Reproduce the full listing as it stands. Images do not belong in the copy.

[THE DATA]
=== Section Start ===

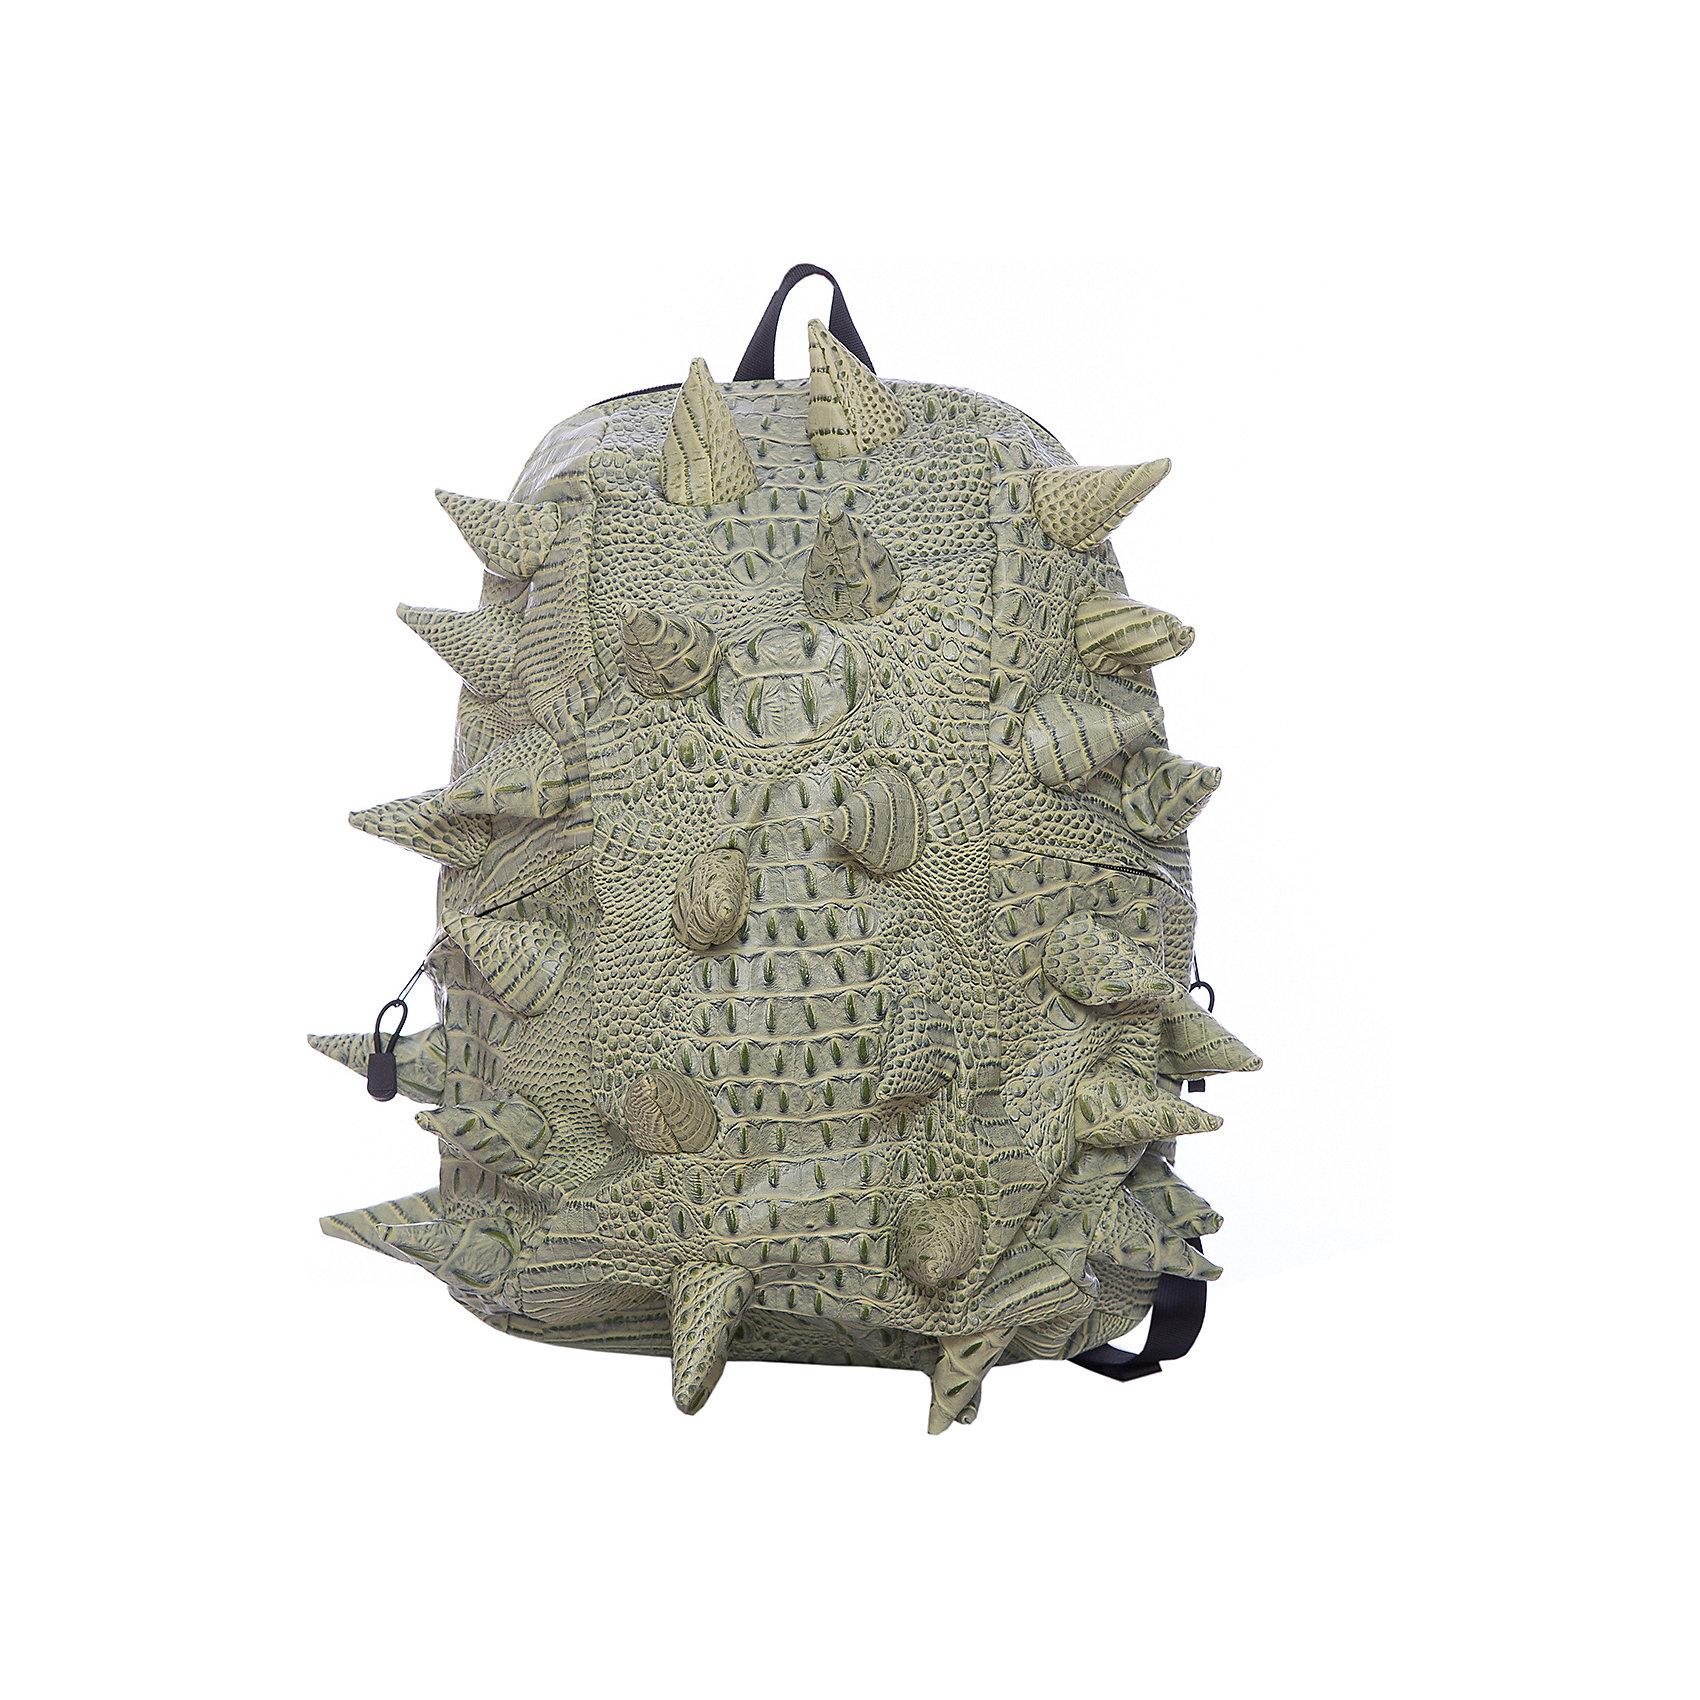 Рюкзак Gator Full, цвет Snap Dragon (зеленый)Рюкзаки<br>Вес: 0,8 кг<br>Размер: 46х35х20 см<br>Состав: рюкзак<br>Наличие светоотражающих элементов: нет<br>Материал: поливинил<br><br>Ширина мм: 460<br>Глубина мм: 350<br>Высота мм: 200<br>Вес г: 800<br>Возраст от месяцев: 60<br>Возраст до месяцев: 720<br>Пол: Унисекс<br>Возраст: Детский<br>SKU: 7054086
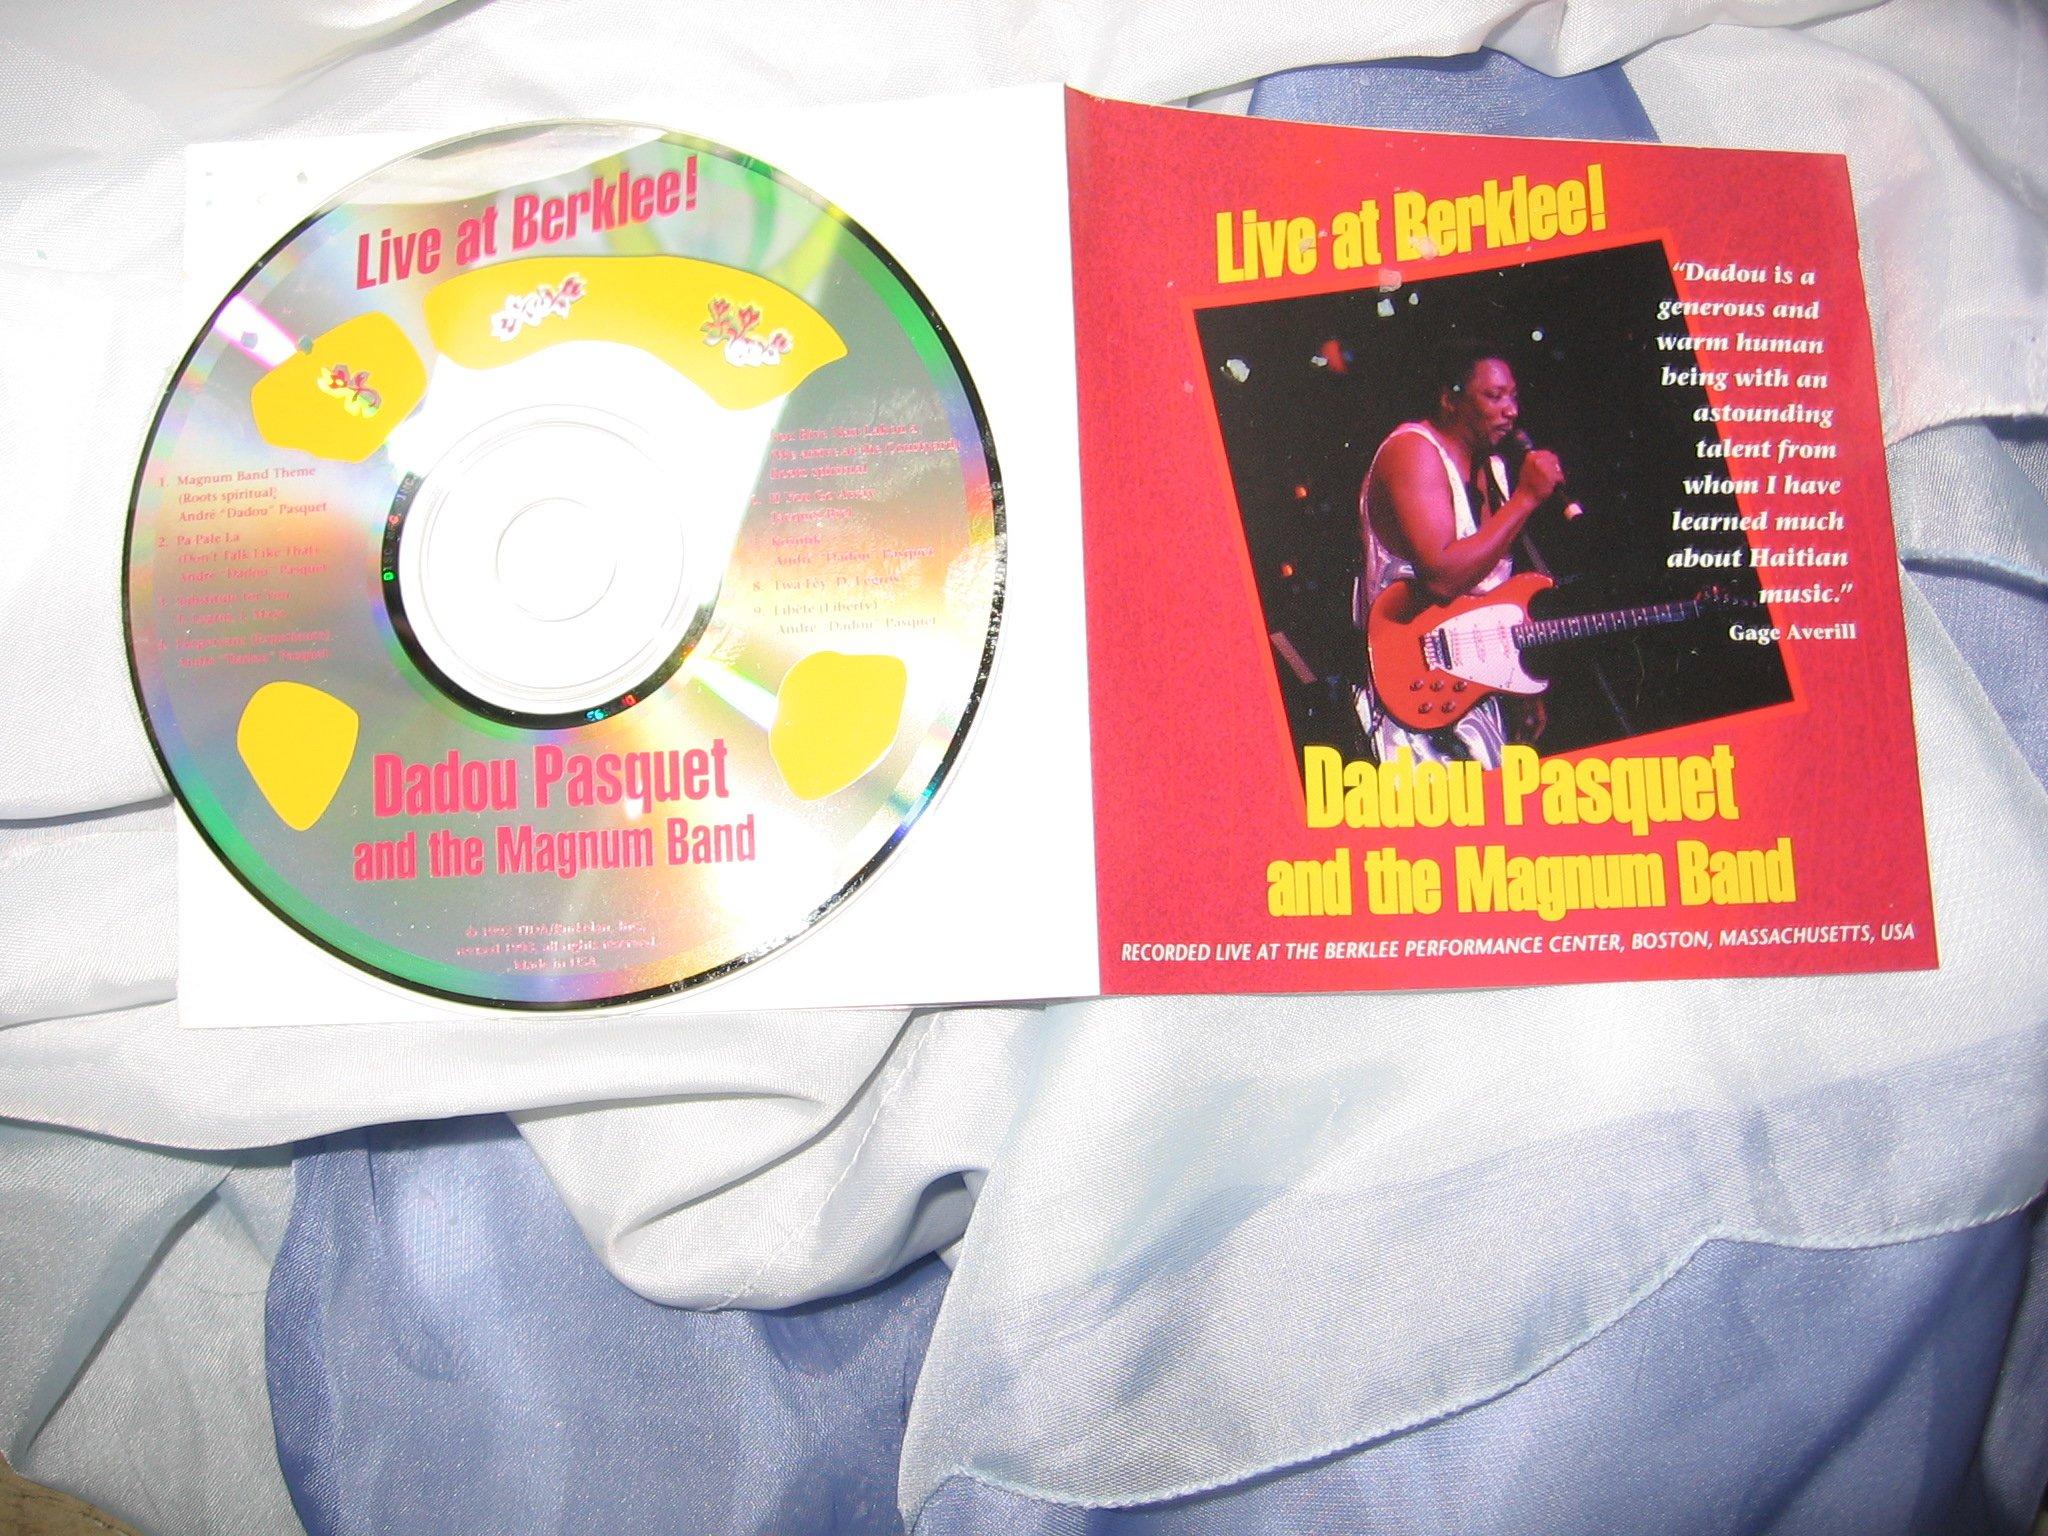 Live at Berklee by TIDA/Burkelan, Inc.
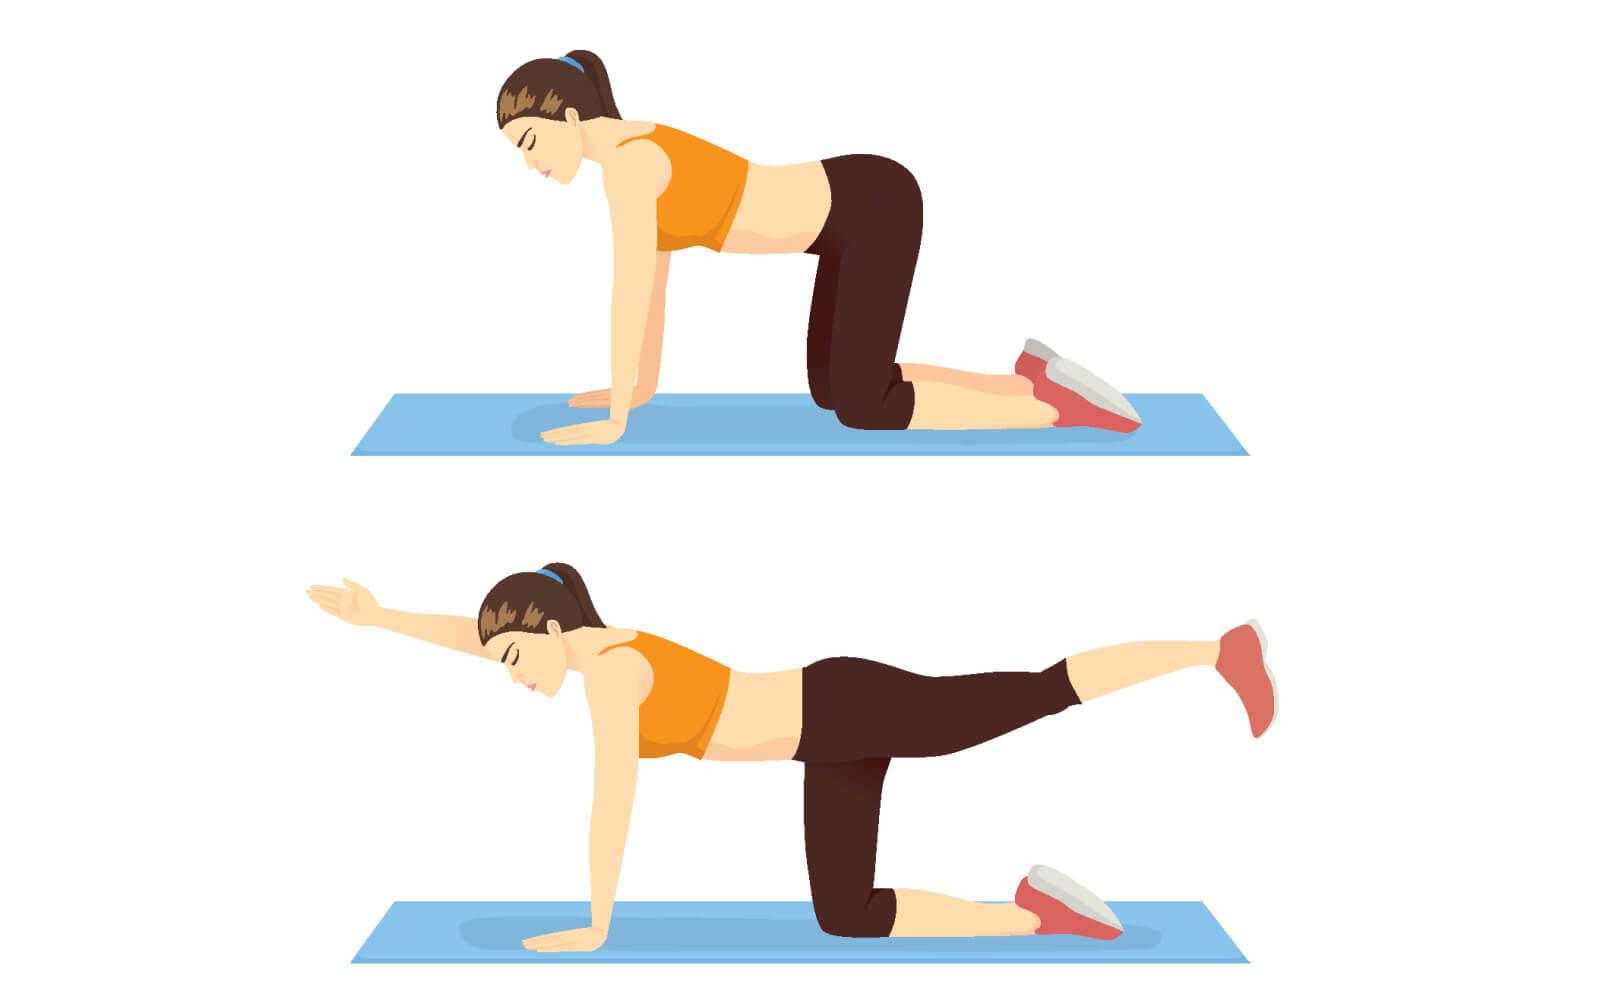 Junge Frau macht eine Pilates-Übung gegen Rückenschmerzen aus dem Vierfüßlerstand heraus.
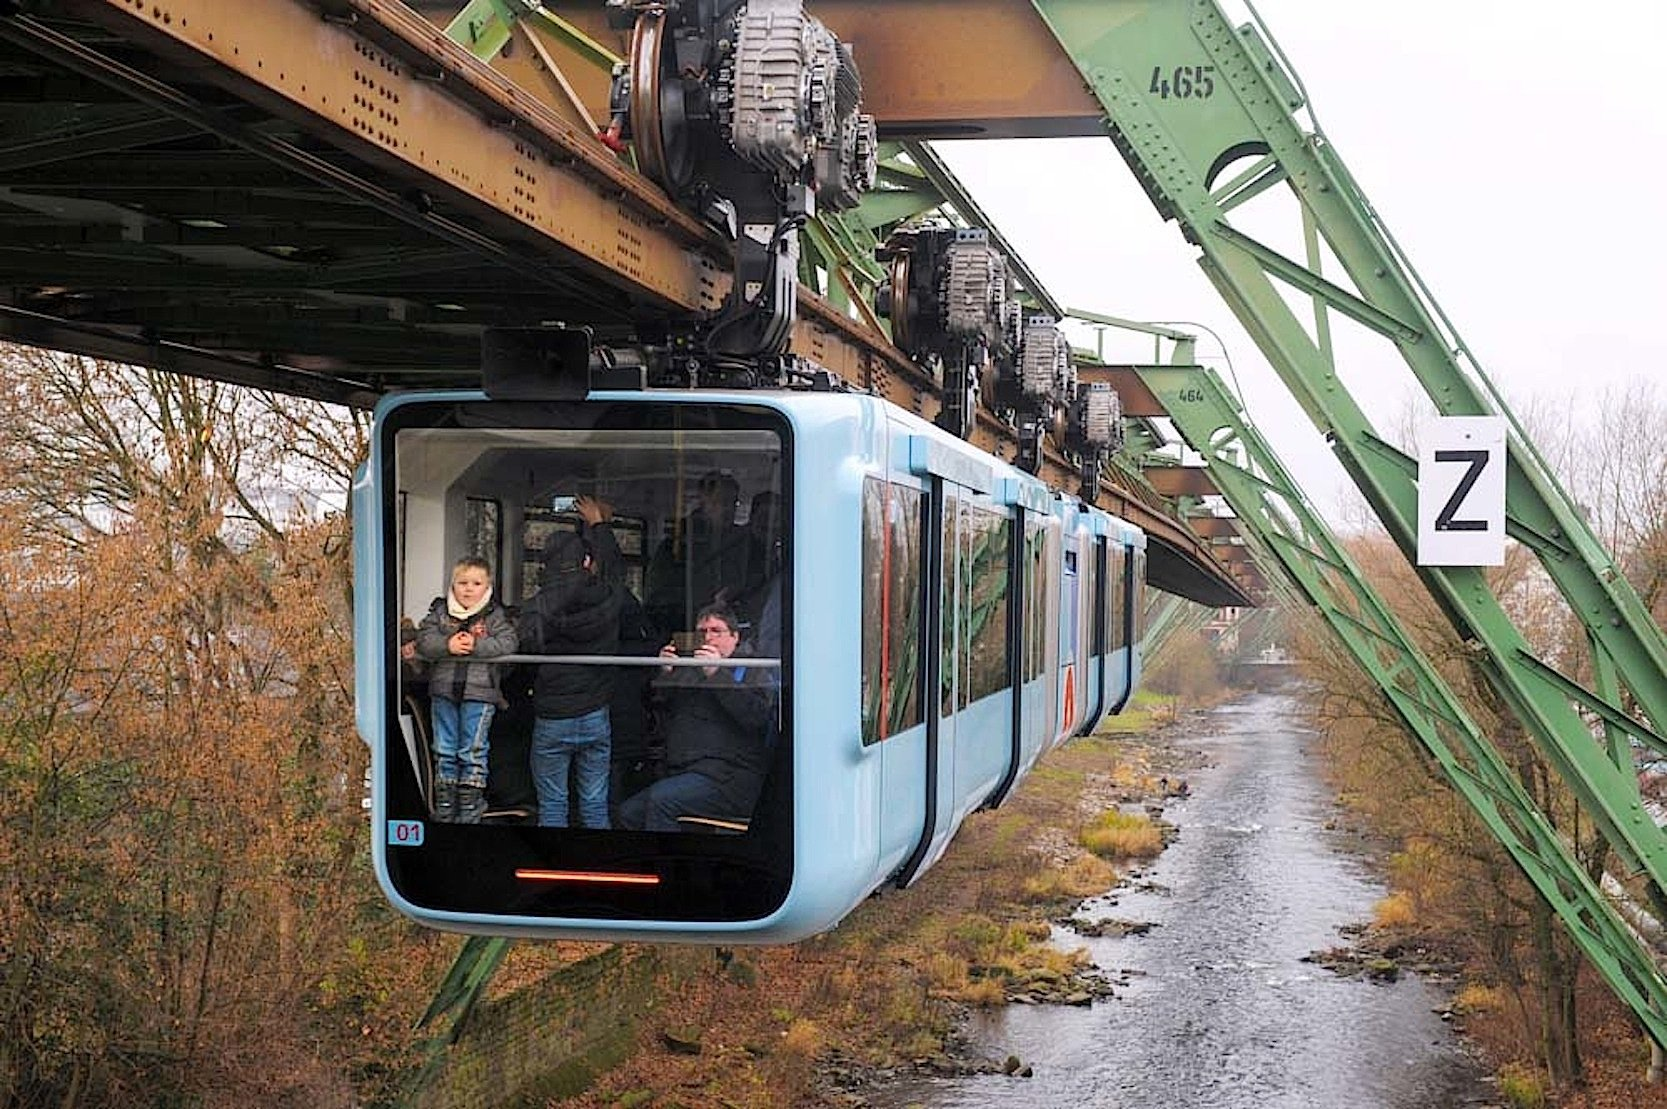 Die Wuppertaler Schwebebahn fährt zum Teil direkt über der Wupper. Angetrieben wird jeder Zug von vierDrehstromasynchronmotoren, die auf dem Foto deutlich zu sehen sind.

=== Section End ===

[ANSWER SPACE]
 Рюкзак Gator Full, цвет Snap Dragon (зеленый)Рюкзаки<br>Вес: 0,8 кг<br>Размер: 46х35х20 см<br>Состав: рюкзак<br>Наличие светоотражающих элементов: нет<br>Материал: поливинил<br><br>Ширина мм: 460<br>Глубина мм: 350<br>Высота мм: 200<br>Вес г: 800<br>Возраст от месяцев: 60<br>Возраст до месяцев: 720<br>Пол: Унисекс<br>Возраст: Детский<br>SKU: 7054086
 Live at Berklee by TIDA/Burkelan, Inc.
 Junge Frau macht eine Pilates-Übung gegen Rückenschmerzen aus dem Vierfüßlerstand heraus.
 Die Wuppertaler Schwebebahn fährt zum Teil direkt über der Wupper. Angetrieben wird jeder Zug von vierDrehstromasynchronmotoren, die auf dem Foto deutlich zu sehen sind.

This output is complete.